Description of the task - Repeat the records below exactly from the line containing "BEAI UTY KITCHEN" to the line containing "In Dog Beers", taking in both of those lines. Drop the pictures.

Exercise inputs -
--------------------------------------------------
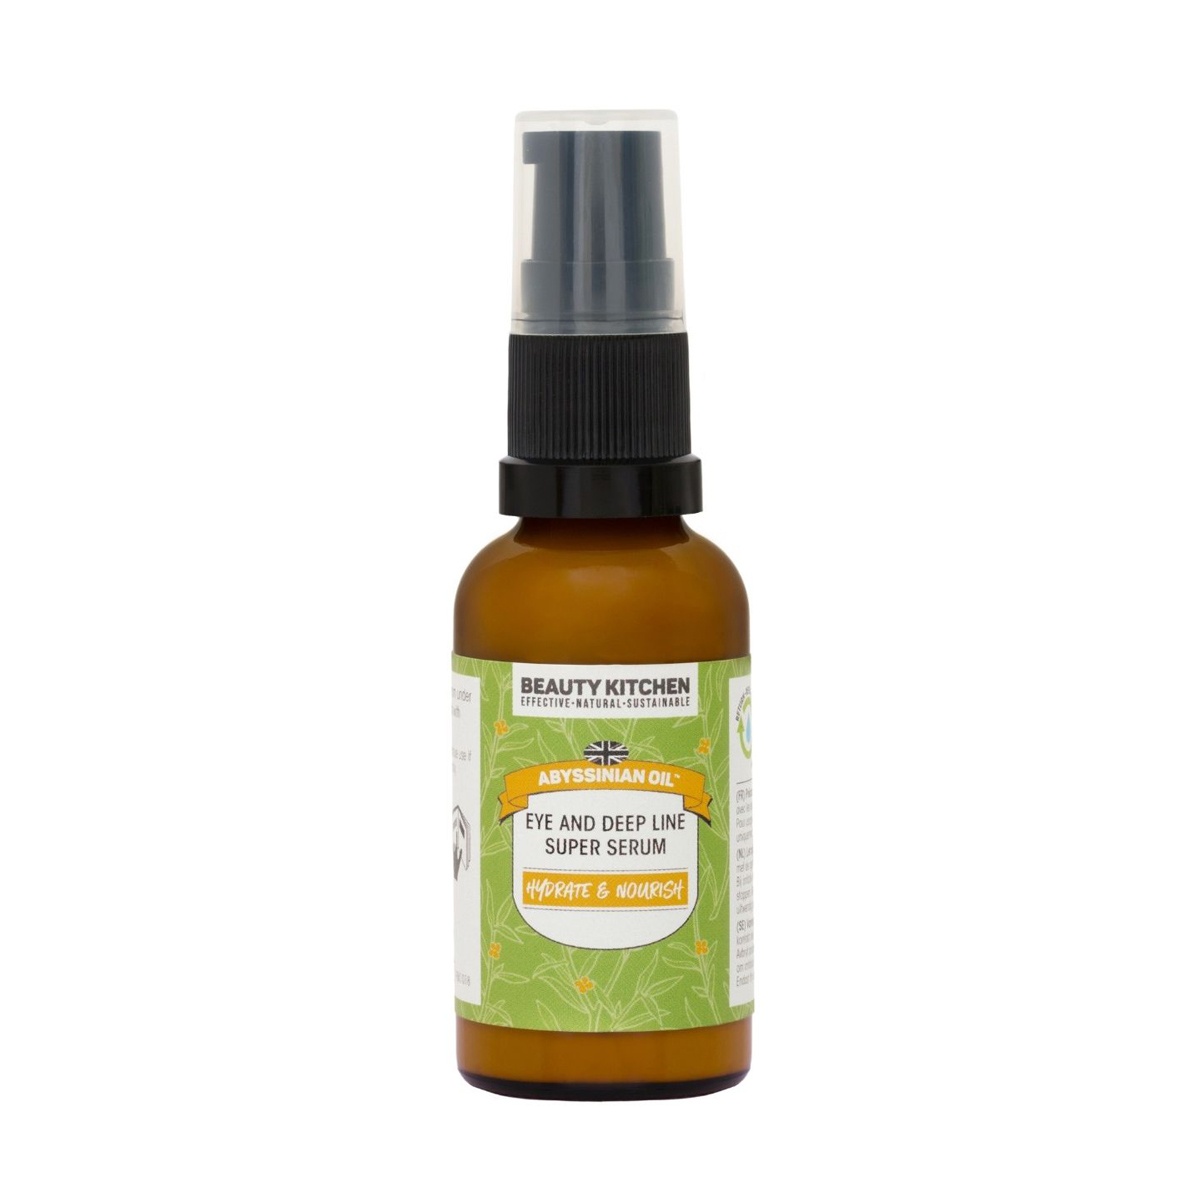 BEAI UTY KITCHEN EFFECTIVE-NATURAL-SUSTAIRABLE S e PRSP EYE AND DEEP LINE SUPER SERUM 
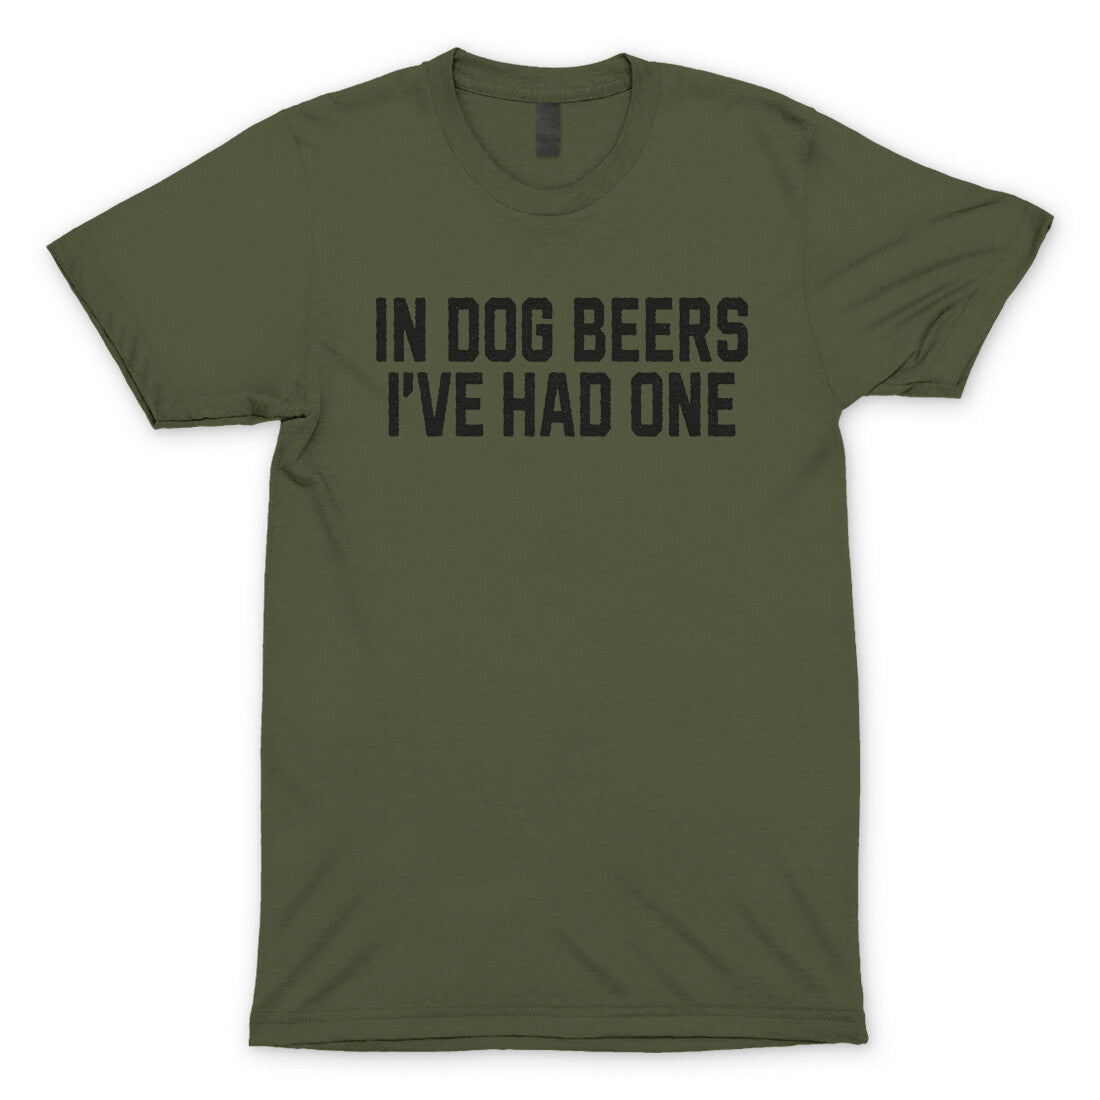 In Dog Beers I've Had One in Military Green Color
--------------------------------------------------
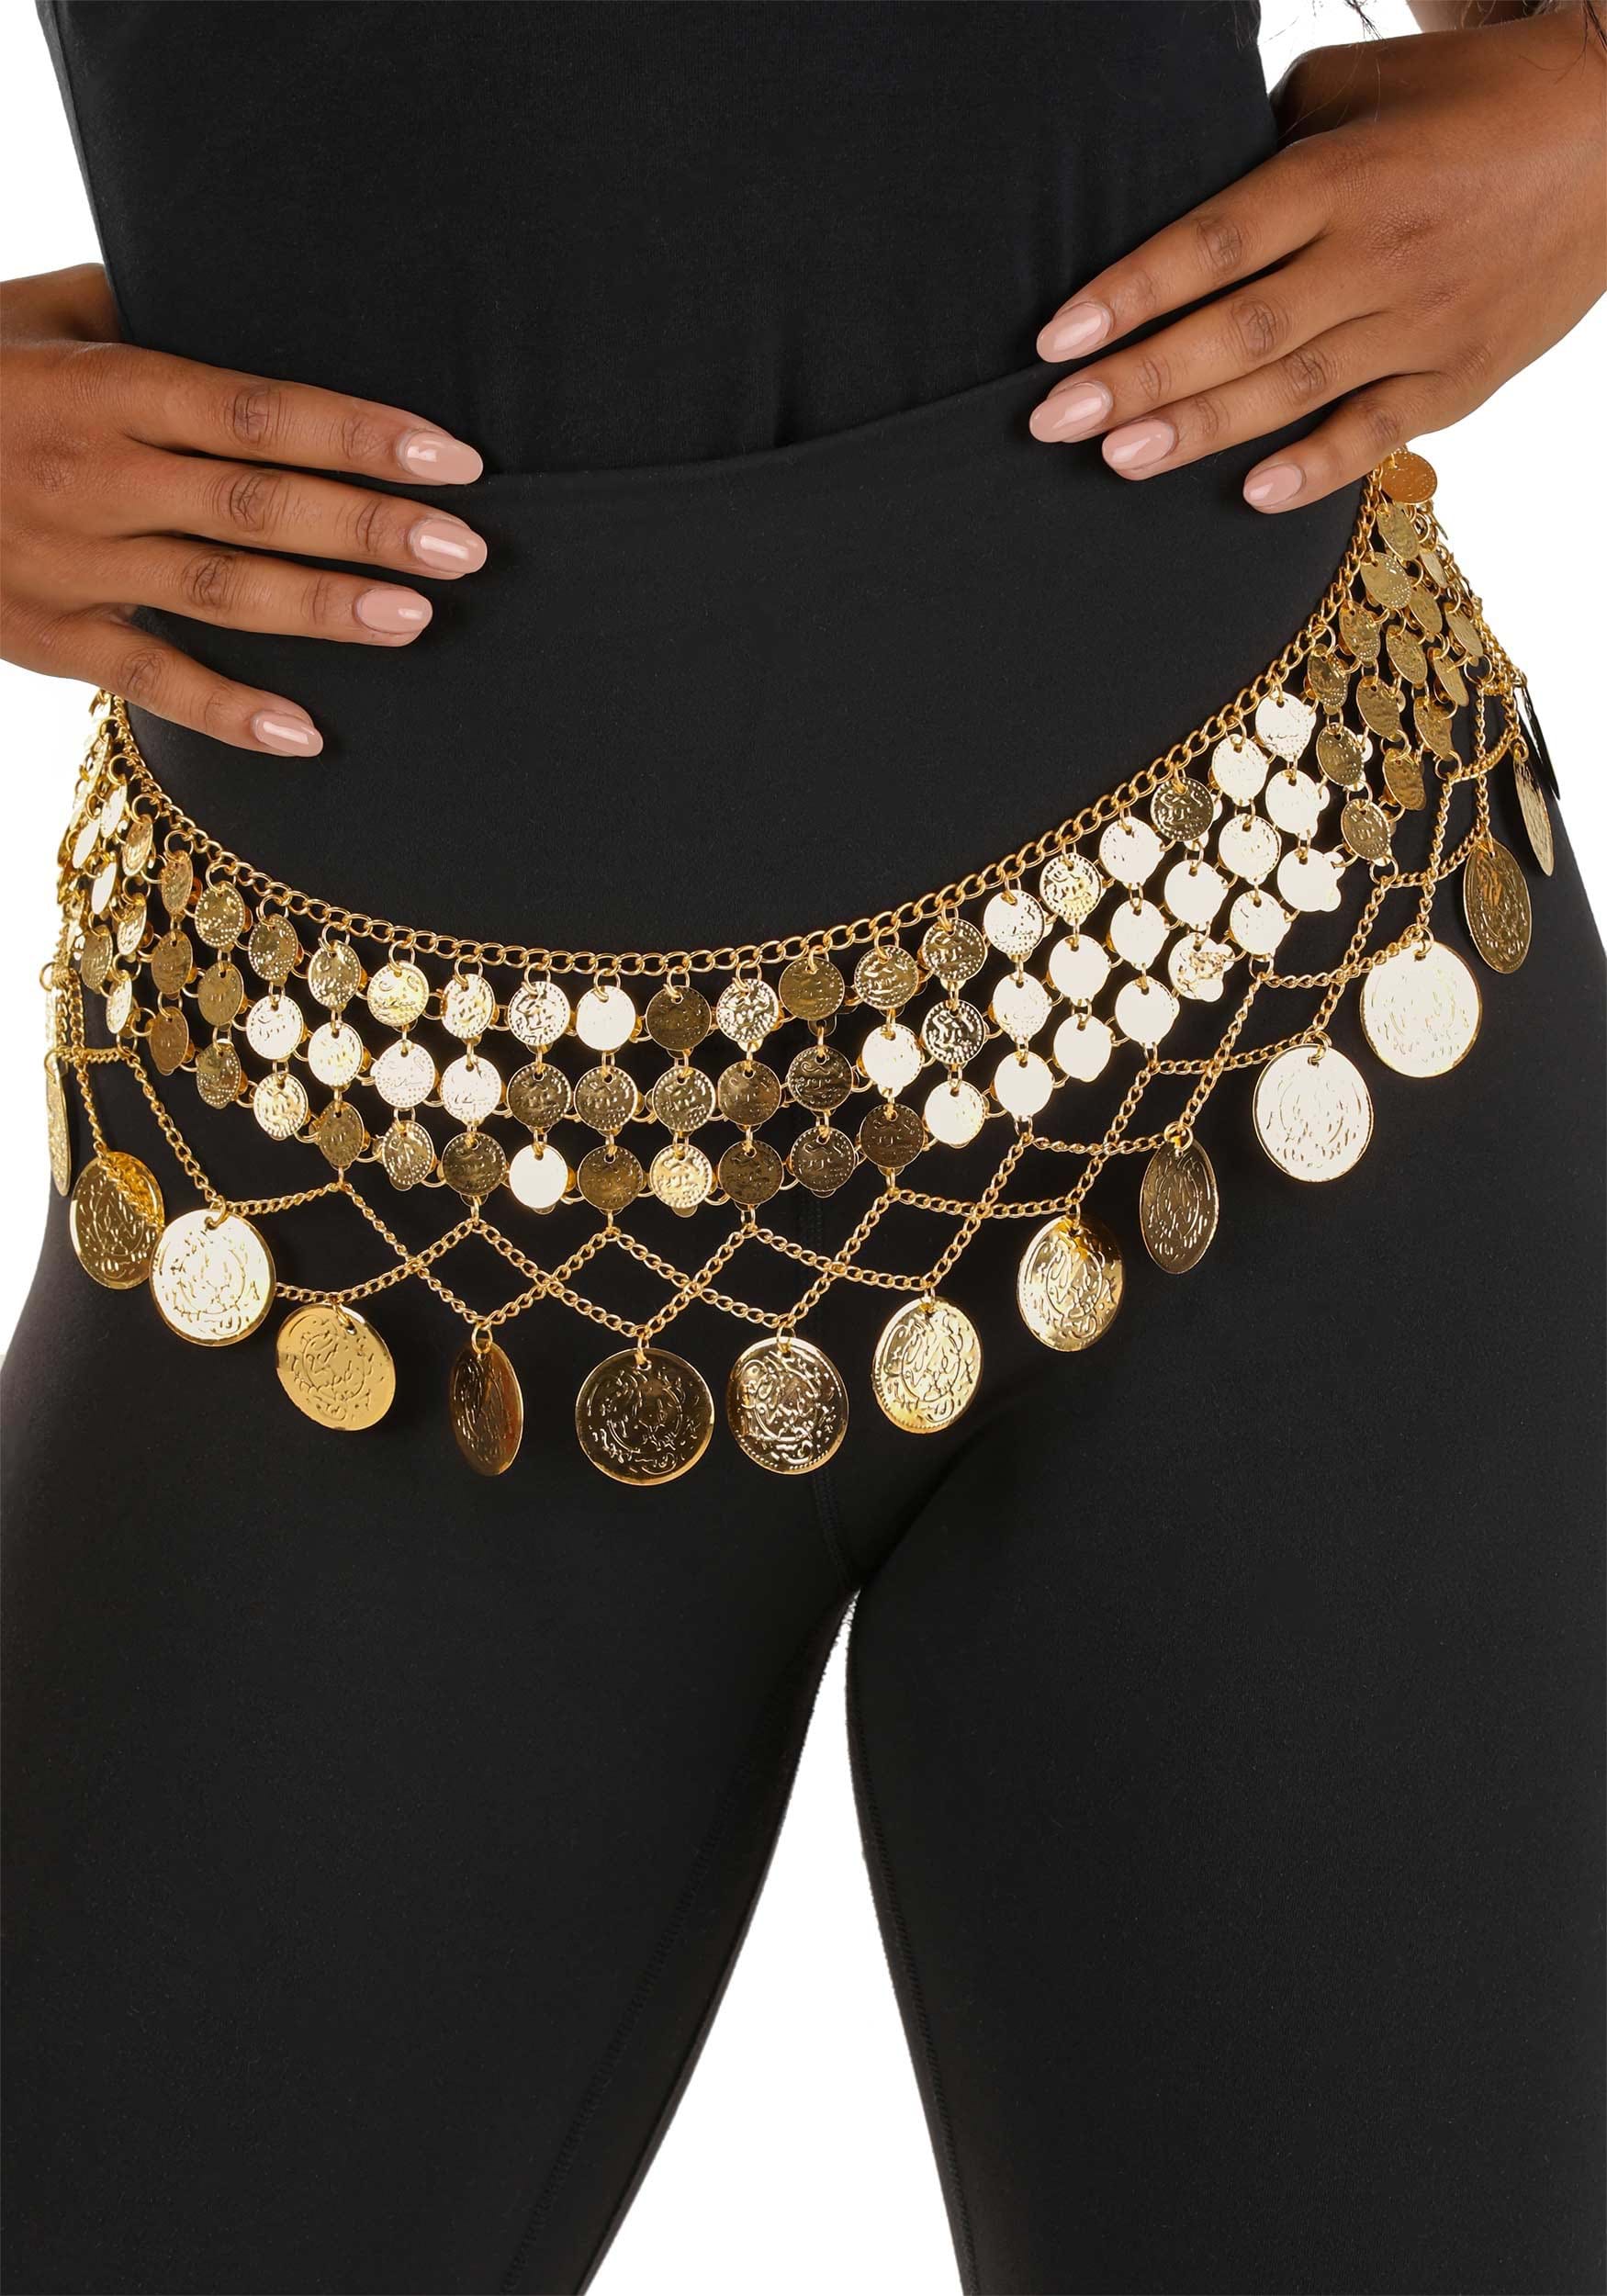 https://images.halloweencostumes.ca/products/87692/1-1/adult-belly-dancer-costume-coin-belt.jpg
--------------------------------------------------
Response below -
 BEAI UTY KITCHEN EFFECTIVE-NATURAL-SUSTAIRABLE S e PRSP EYE AND DEEP LINE SUPER SERUM 
 In Dog Beers I've Had One in Military Green Color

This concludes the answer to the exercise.